Отец был человеком очень серьёзным, спокойным, немногословным. У него было бледное лицо, длинные чёрные усы и густые брови. Стоило ему сдвинуть их, и вид у него становился самый грозный, однако он старался от этого воздерживаться, не желая никого устрашить, — от силы раз в году приходилось ему сердито глянуть на кого-нибудь. Но и весёлым я никогда его не видел. В самые бесшабашные застольные минуты, когда гости покатывались со смеху от какой-нибудь удачной шутки, он молча сидел на своём конце, будто ничего не слыша. Лишь когда маменька прильнёт ласково к его плечу, или брат поцелует в щёку, или я начну у него с колен задавать свои детские вопросы, на которые невозможно ответить, — в красивых, печальных отцовских глазах засветится вдруг несказанная любовь, обаятельнейшая нежность; но и тогда улыбка не тронет губ. Рассмешить его ни разу никому не удавалось.

Он не принадлежал к тем, кому вино или хорошее настроение развязывают язык, делая словоохотливым, побуждая выкладывать всё, что на душе, рассуждать о прошлом, о будущем, обещать, грозиться, похваляться. Много говорить он не любил.

И был у нас ещё один такой же серьёзный человек в семье: бабушка. Она тоже была молчалива и точно так же избегала хмурить свои густые брови, успевшие, правда, уже поседеть, подобно ему, остерегаясь вымолвить сердитое слово; точно так же не привыкла смеяться, улыбаться. Зато — я часто примечал — она пристально глядела на отца, за столом глаз с него не спускала, и у меня являлась иногда ребяческая догадка: наверно, потому отец и ведёт себя так степенно, что мама его за ним следит.

Если же взгляды их нечаянно встречались, они словно ловили себя на одной мысли, которую давно хранили в тайне. И часто, бывало, отец сидит, глубоко задумавшись и едва замечая, как мы — маменька, брат и я — ластимся, льнём к нему, а бабушка отложит вечное своё вязанье, встанет, поцелует его в лоб, и он сразу попытается принять иной, приветливый вид, заговорит с нами; бабушка же ещё раз его поцелует и вернётся на место.

Это сейчас мне всё припоминается, а тогда никак особенно моего внимания не задевало.

Но однажды вечером всех нас поразило необычно весёлое настроение отца.

Со всеми был он особенно ласков, нежен; с Лорандом долго разговаривал, выспрашивая про ученье, объясняя, чего тот ещё не знал; меня посадил к себе на колени, погладил по голове и стал задавать вопросы по-латыни, хваля за правильные ответы, а после ужина принялся рассказывать разные забавные истории про стародавние времена.
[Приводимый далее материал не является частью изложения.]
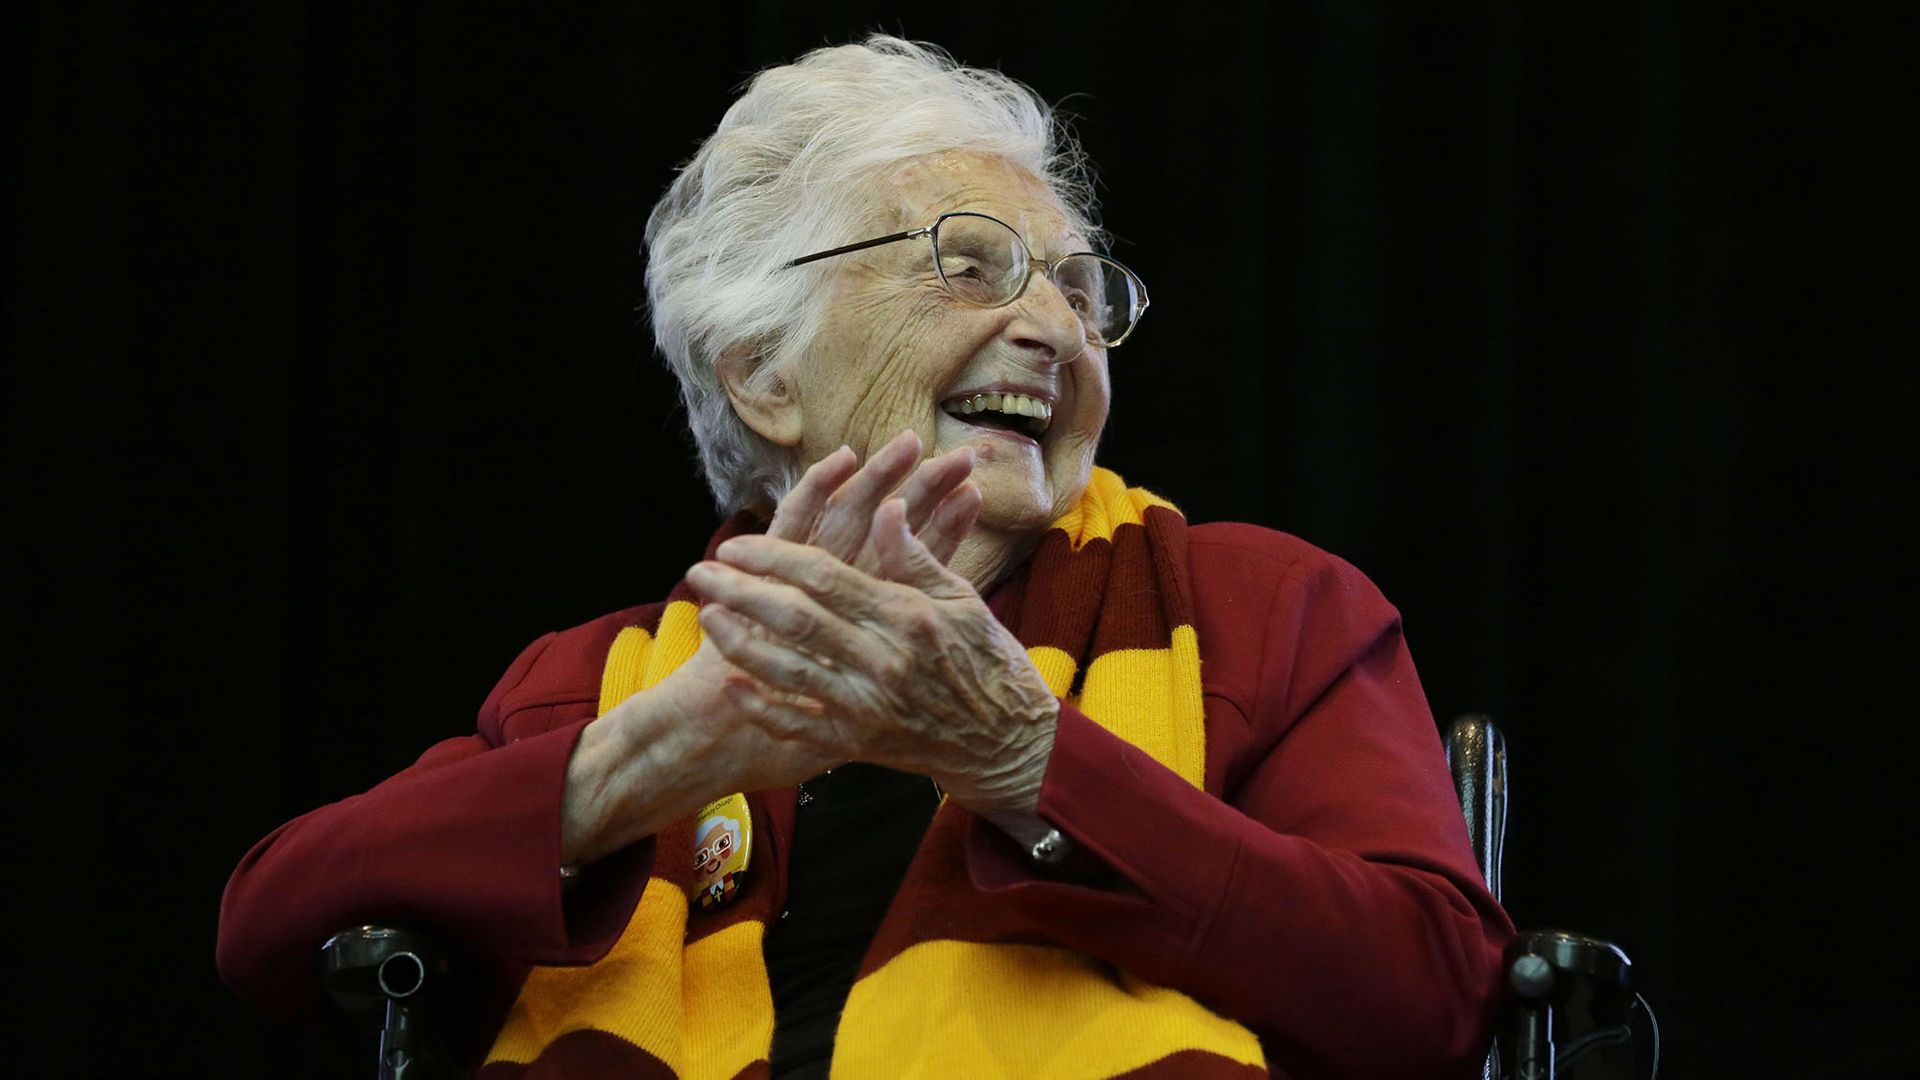 Loyola Chicago basketball super fan Sister Jean claps her hands.

Мы заливались смехом, и он с нами.

Было так приятно видеть отца наконец смеющимся. Я весь прямо трепетал от радостной неожиданности.

Только бабушка сохраняла серьёзность. Чем больше оживлялся отец, тем сильнее сдвигались её седые брови, тем неотступней следила она за выражением его лица, а едва тот подымет на неё свой весёлый, открытый взгляд, вздрогнет вся, зябко поводя плечами.

Необычная отцовская возбуждённость не могла в конце концов не вызвать у неё замечания:

— Что-то ты очень весел сегодня, сынок!

— Хочу детей завтра в деревню отвезти, а это всегда радость для меня.

В деревню! Это и нам сулило немало радостей. Мы были совершенно счастливы и подбежали поцеловать отцу руку в благодарность за обещанное. Видно было по его лицу, что он хорошо понимает наше состояние.

— Но зато лечь надо пораньше, чтобы завтра не проспать, лошадей за нами ещё на рассвете пришлют.

С этими словами он попрощался с нами, поцеловав обоих, и мы пошли к себе укладываться спать.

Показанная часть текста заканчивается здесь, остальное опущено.